Figure 1. Dynamics of par-coupon LOAS

Conventionals vs. Governments (Figure 1) · The turmoil Fannie and Freddie eroded some investor confidence in mid-summer. The conventional-government OAS widened to 20 bps and remained roughly at that level. Interestingly enough, mortgage current coupon rates (MTGEFNCL vs. MTGEGNSF) have been just 4-6 bps apart, but the steep curve is detrimental to the value of Ginnies that prepay more slowly. Freddies and Fannies have traditionally been priced in a complete unison. They are 2-5 bps apart now - assuming identical prepayments.

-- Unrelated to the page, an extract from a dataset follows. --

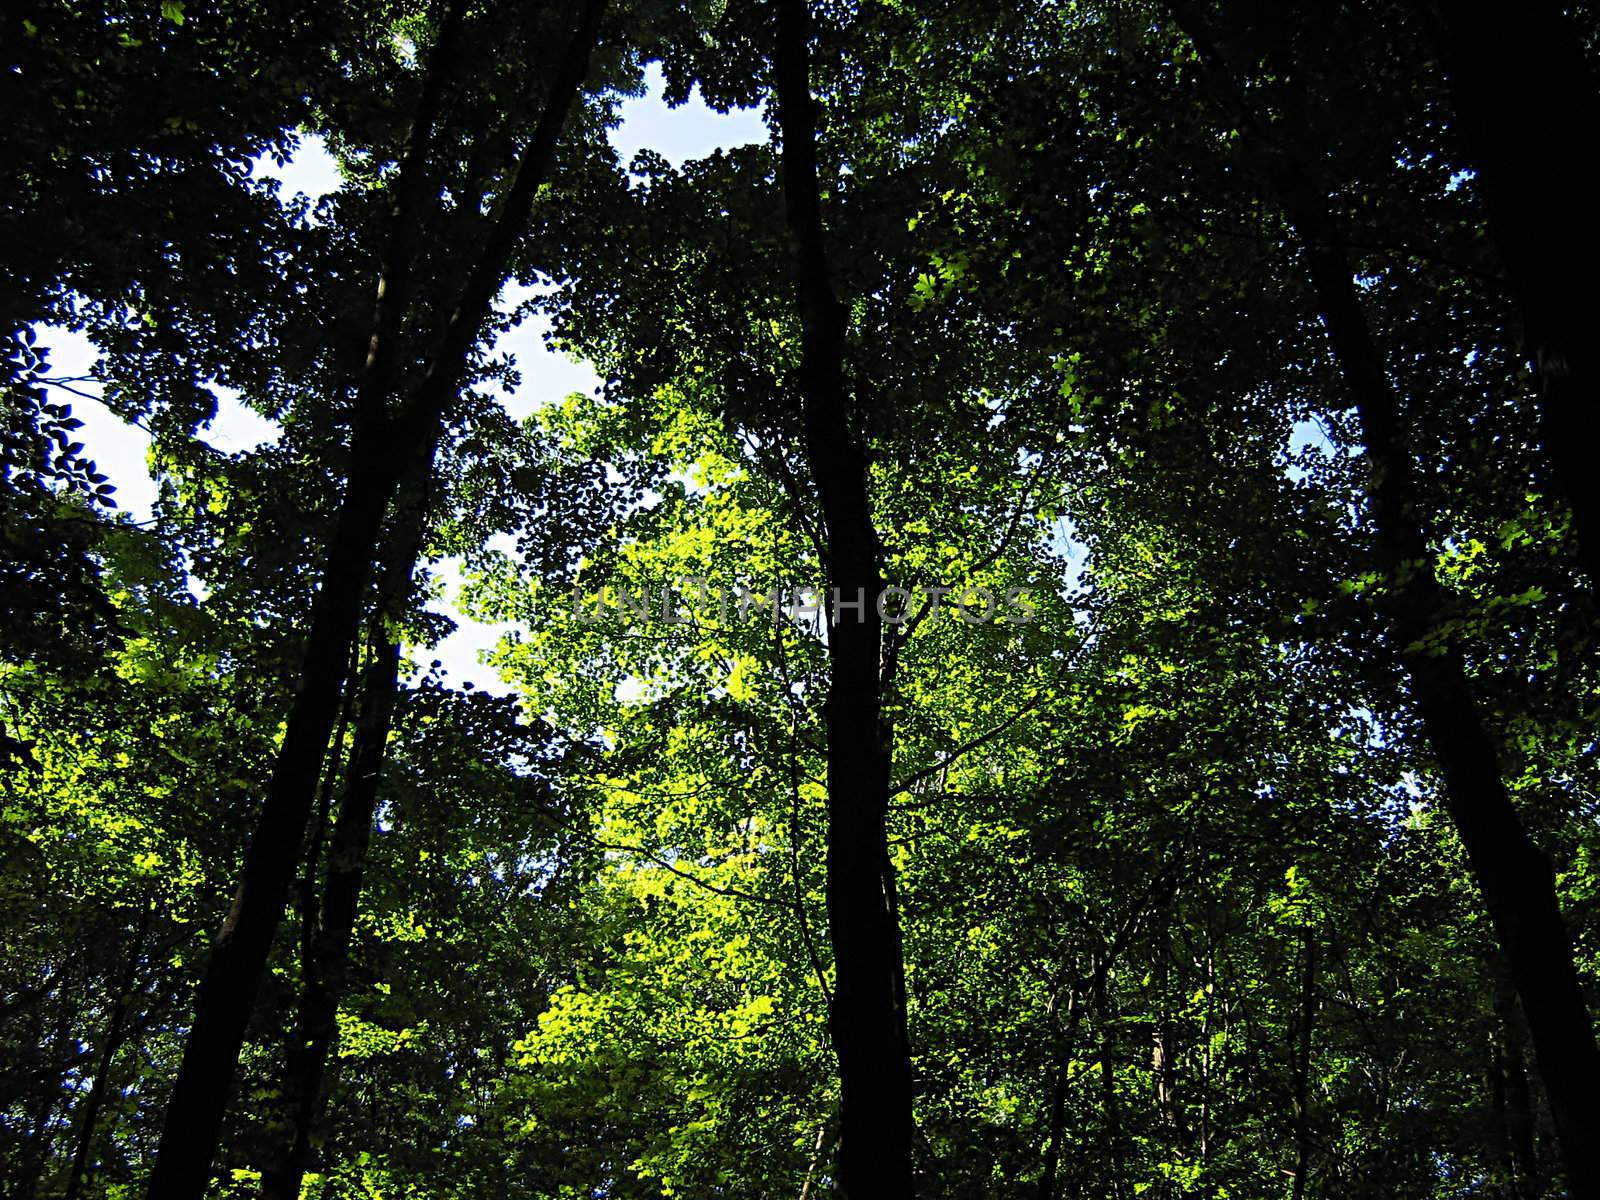 A photograph of trees detailing their foliage.

Premiums (Figure 2) · With the same concept in mind (OAS = compensation for prepay risk), we are able to explain the dynamics of premium MBS. When rates drop, their prices exhibit visible "compression", i.e. prices do not rise as the constant-OAS Duration predicts. For example, FNCL7.5 has been priced in a narrow range between 106 and 107 - regardless of the rates. Correspondingly, OAS "absorbs" all rate moves and is far from being constant.

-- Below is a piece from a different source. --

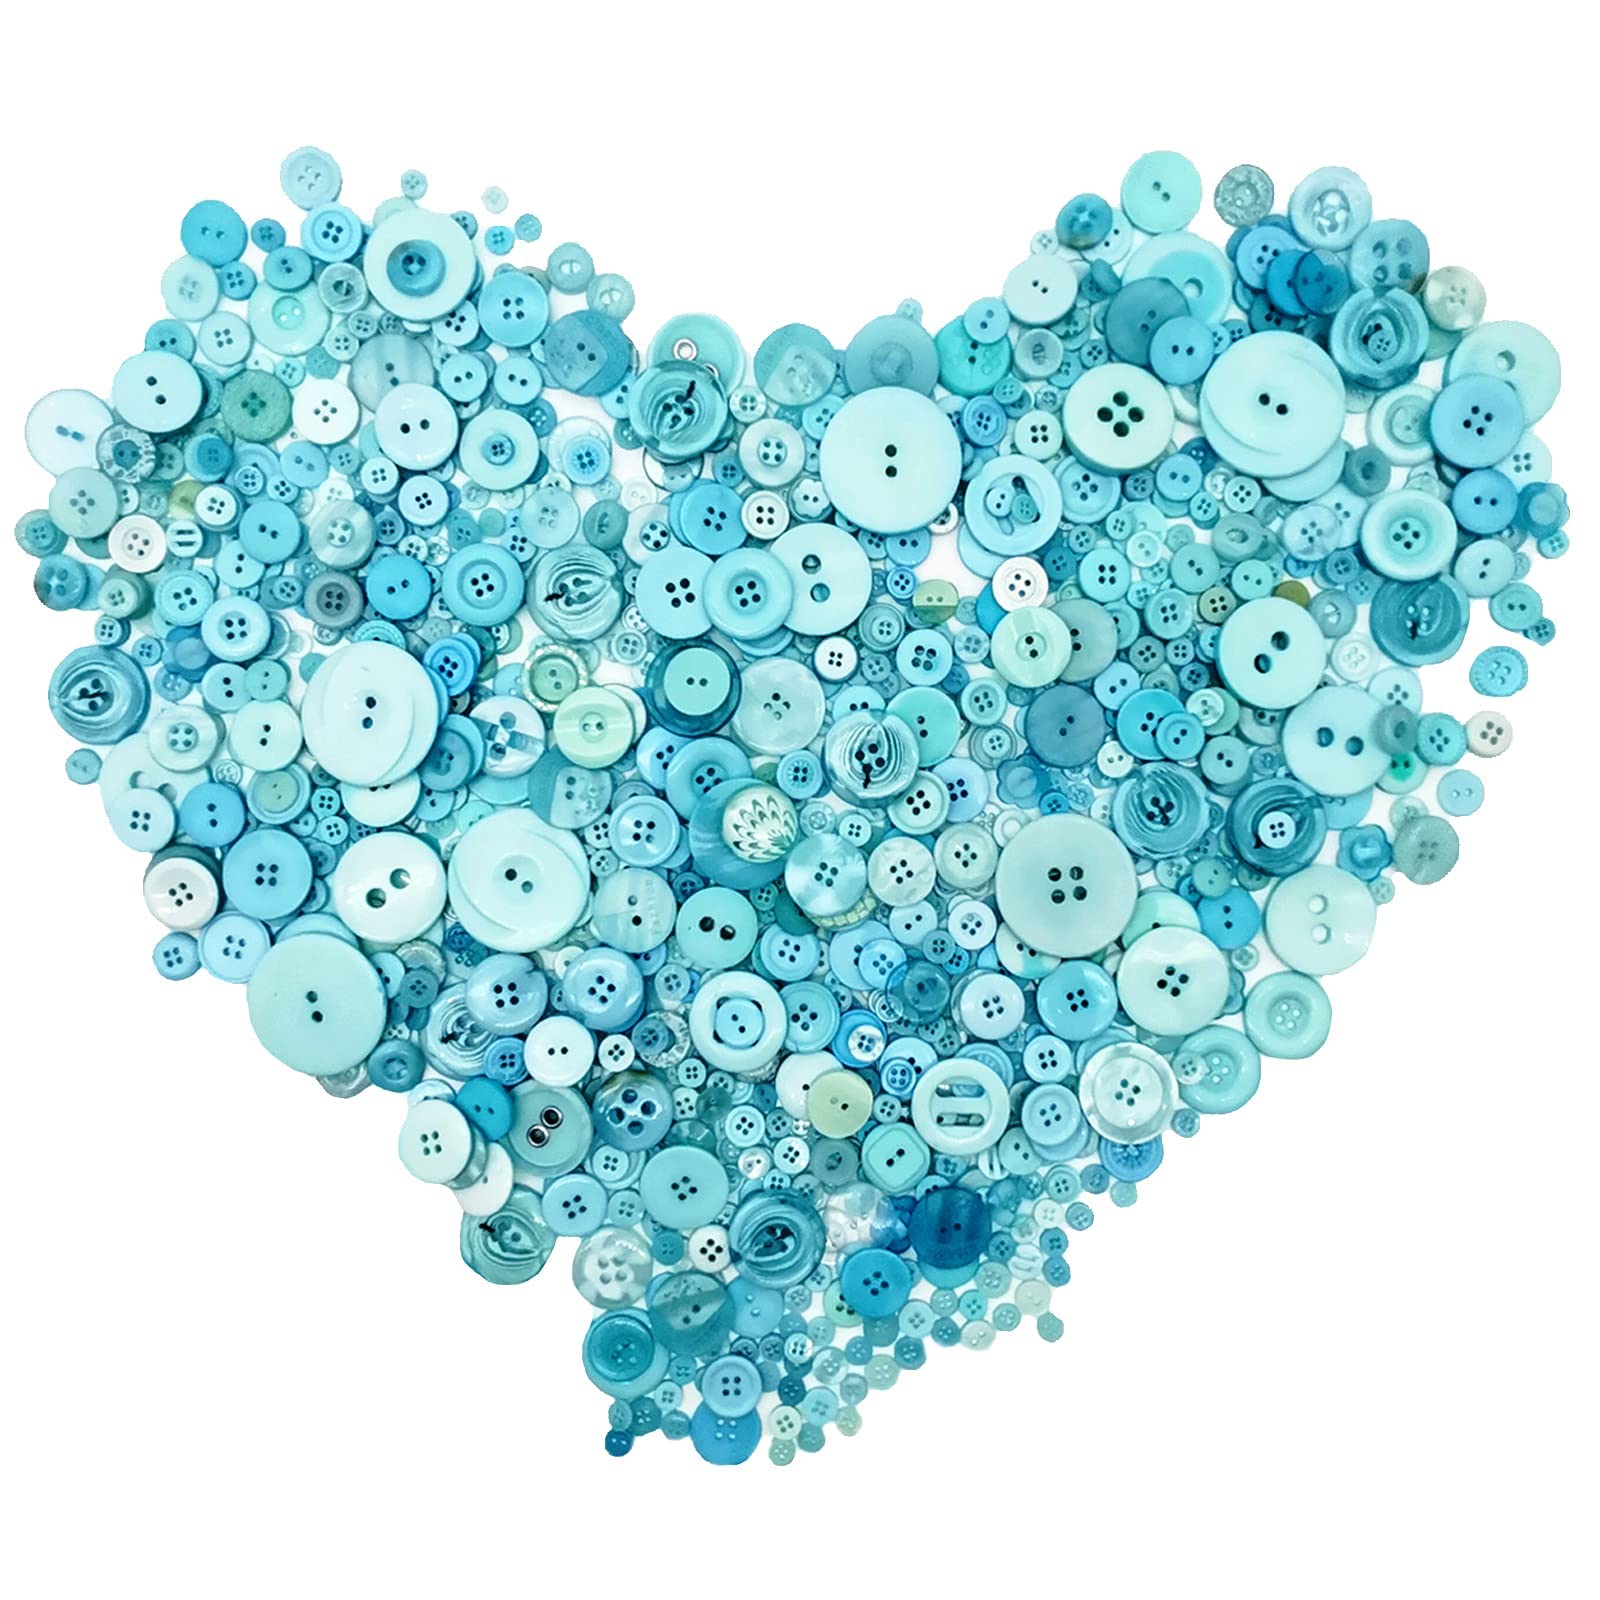 Esoca 650Pcs Turquoise Buttons for Crafts in Bulk Assorted

This is a low blow to the OAS theory, but its extension, prepay-risk-and-option-adjusted valuation (prOAV), explains many phenomena. Since higher coupon MBS are fragile, they should be progressively discounted for bearing the refinancing risk. This puts a limit on practical price appreciation. The same theory explains dynamics of IO/PO/MSR pricing; we expect prOAV and the related risk-adjusted spread measure, prOAS, to become hot topics in 2004.

Figure 2. OAS for premium FNCLs

Race of the models
In our June pipeline, we introduced a new measure of volatility - a single volatility index. The idea is very simple - replace the entire ATM volatility surface with one best-fitting short-rate volatility number. First, it is useful for risk managers because is drastically simplifies quantitative understanding of the role of volatility in a retrospective risk assessment. In particular, it sets up a framework for measuring the Vega. Second, this method may become a fair judge of the performance of term structure models. Indeed, each short-rate model has its own volatility specification, i.e. produces its own volatility index. The best model is the one in which the index is most independent of the rate level. For the ultimate model selection, we usually complement this type of analysis with others, such as historical, day-to-day, rate behavior, and the evidence of volatility skew for traded swaptions.

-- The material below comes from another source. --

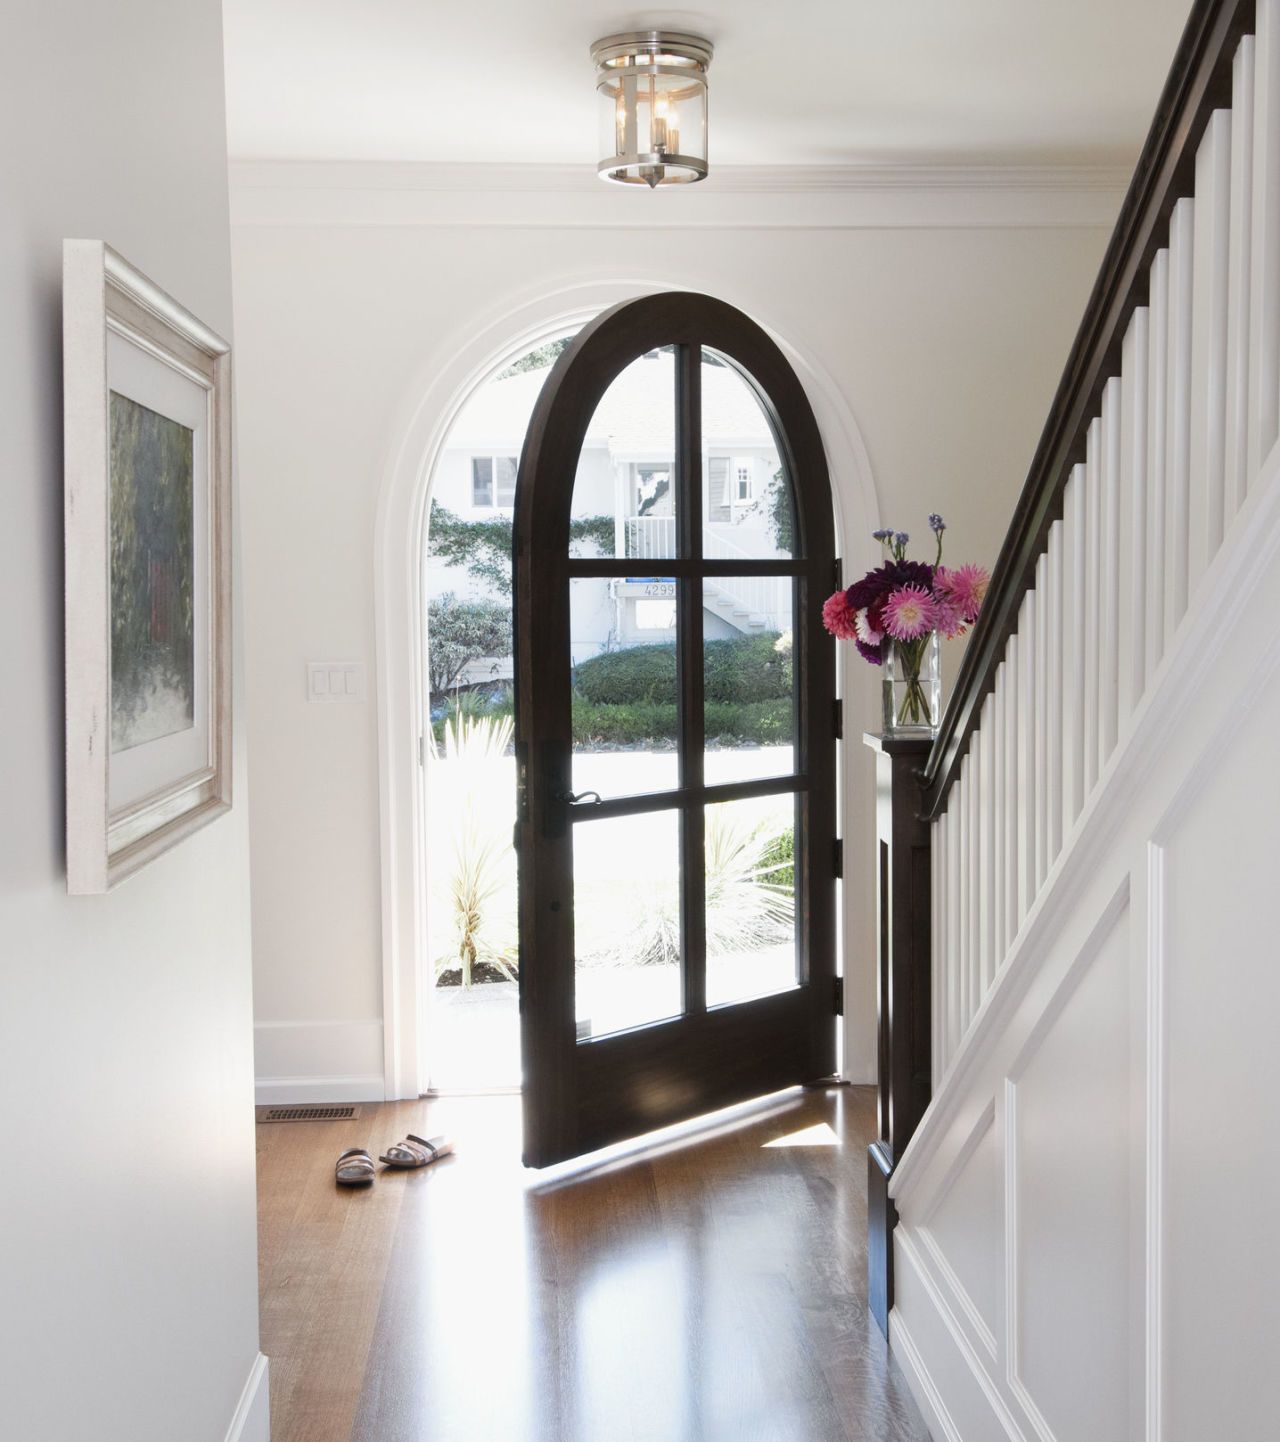 An Arched Doorway Opens To Hallway

For quite a long time, the Hull-White (HW) model performed very well across all metrics. With rates continuing their freefall through spring, many started wondering whether HW would remain creditable. A simple reason for this doubt is that a normal model does not preclude a plunge into the negative rate territory -- unseen in U.S. history. The only way to prevent negative rates is to reduce the basis point volatility when rates fall. Both Black-Karasinski (BK) and Squared Gaussian (SG) models accomplish this mission, albeit at a different pace.

As shown in Figure 3, a sharp decline in rates in June of 2003 (below 3%) triggered a new mode. The SG model performed visibly better with HW to follow. As for the BK model, it has remained a minor-leaguer, where it seems to have been relegated some 10 - 15 years ago. As we see, any change in the rate level causes a mirror reflection in the BK (i.e. proportional) volatility. A strong remaining dependency on rates indicates wrong functional volatility form for this model.

Figure 3. AD&Co's volatility indices in 2003

Does this finding mean that all users should switch to the SG model? Perhaps this move would be overreacting. As seen on Figure 2, the HW model has recovered nicely from this blow once rates rose. The race of the major league indices remains close. On a more serious note, the SG model and related Cox-Ingersoll-Ross (CIR) model, both with the square-root volatility specification, have always been decent choices.